使用正则表达式删除重复字符? [英] Remove duplicate chars using regex?

查看:82
本文介绍了使用正则表达式删除重复字符?的处理方法,对大家解决问题具有一定的参考价值,需要的朋友们下面随着小编来一起学习吧!

问题描述

假设我想使用正则表达式删除字符串中的所有重复字符(特定字符的).这很简单 -

导入重新re.sub("a*", "a", "aaaa") # 给出 'a'

如果我想用相应的字符替换所有重复的字符(即 a、z)怎么办?我该怎么做?

导入重新re.sub('[a-z]*', <what_to_put_here>, 'aabb') # 应该给 'ab're.sub('[a-z]*', <what_to_put_here>, 'abbccddeeffgg') # 应该给 'abcdefg'

注意:我知道使用哈希表或一些 O(n^2) 算法可以更好地解决这种删除重复方法,但我想使用正则表达式来探索这一点

解决方案

>>>进口重新>>>re.sub(r'([a-z])\1+', r'\1', 'ffffffbbbbbbbqqq')'fbq'

[az] 周围的 () 指定一个捕获组,然后是 \1 (模式和替换中的 反向引用) 都指向第一个捕获组的内容.

因此,正则表达式读作找到一个字母,然后是一个或多个相同字母的出现",然后整个找到的部分被替换为一个找到的字母.

旁注...

你的 a 示例代码实际上有问题:

<预><代码>>>>re.sub('a*', 'a', 'aaabbbccc')'abababacacaca'

您确实希望使用 'a+' 作为正则表达式而不是 'a*',因为 * 运算符匹配0或更多"出现,因此将匹配两个非 a 字符之间的空字符串,而 + 运算符匹配1 或更多".

Let's say I want to remove all duplicate chars (of a particular char) in a string using regular expressions. This is simple -

import re
re.sub("a*", "a", "aaaa") # gives 'a'

What if I want to replace all duplicate chars (i.e. a,z) with that respective char?
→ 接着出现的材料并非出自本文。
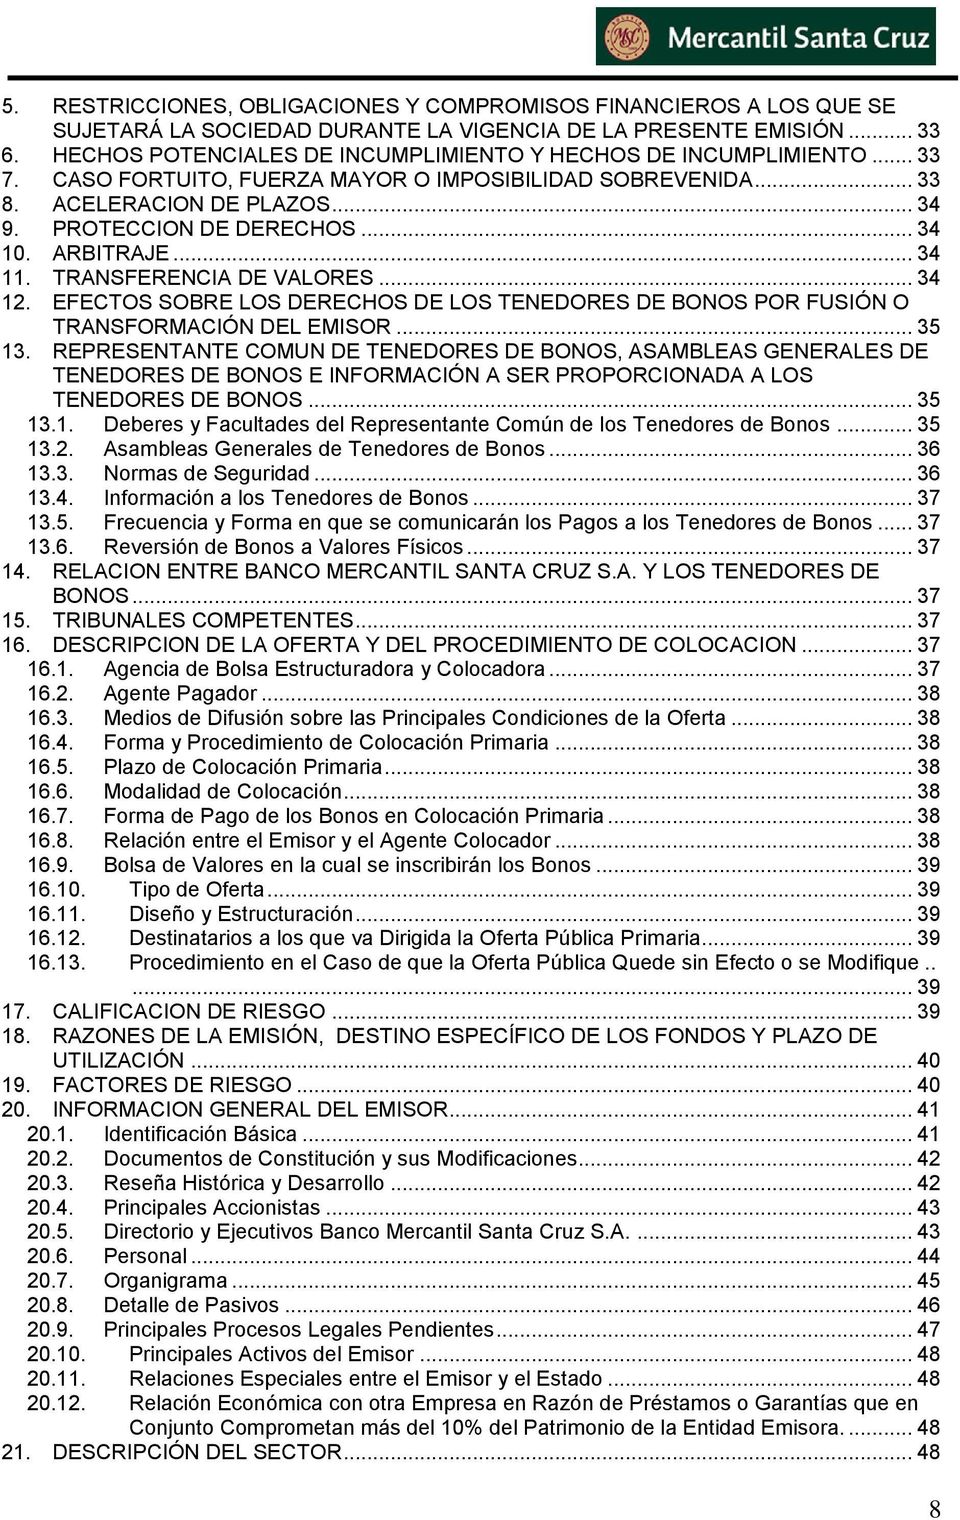 ARBITRAJE... 34 11. TRANSFERENCIA DE VALORES... 34 12. EFECTOS SOBRE LOS DERECHOS DE LOS TENEDORES DE BONOS POR FUSIÓN O TRANSFORMACIÓN DEL EMISOR... 35 13.

How do I do this?

import re
re.sub('[a-z]*', <what_to_put_here>, 'aabb') # should give 'ab'
re.sub('[a-z]*', <what_to_put_here>, 'abbccddeeffgg') # should give 'abcdefg'

NOTE: I know this remove duplicate approach can be better tackled with a hashtable or some O(n^2) algo, but I want to explore this using regexes

解决方案

>>> import re
>>> re.sub(r'([a-z])\1+', r'\1', 'ffffffbbbbbbbqqq')
'fbq'

The () around the [a-z] specify a capture group, and then the \1 (a backreference) in both the pattern and the replacement refer to the contents of the first capture group.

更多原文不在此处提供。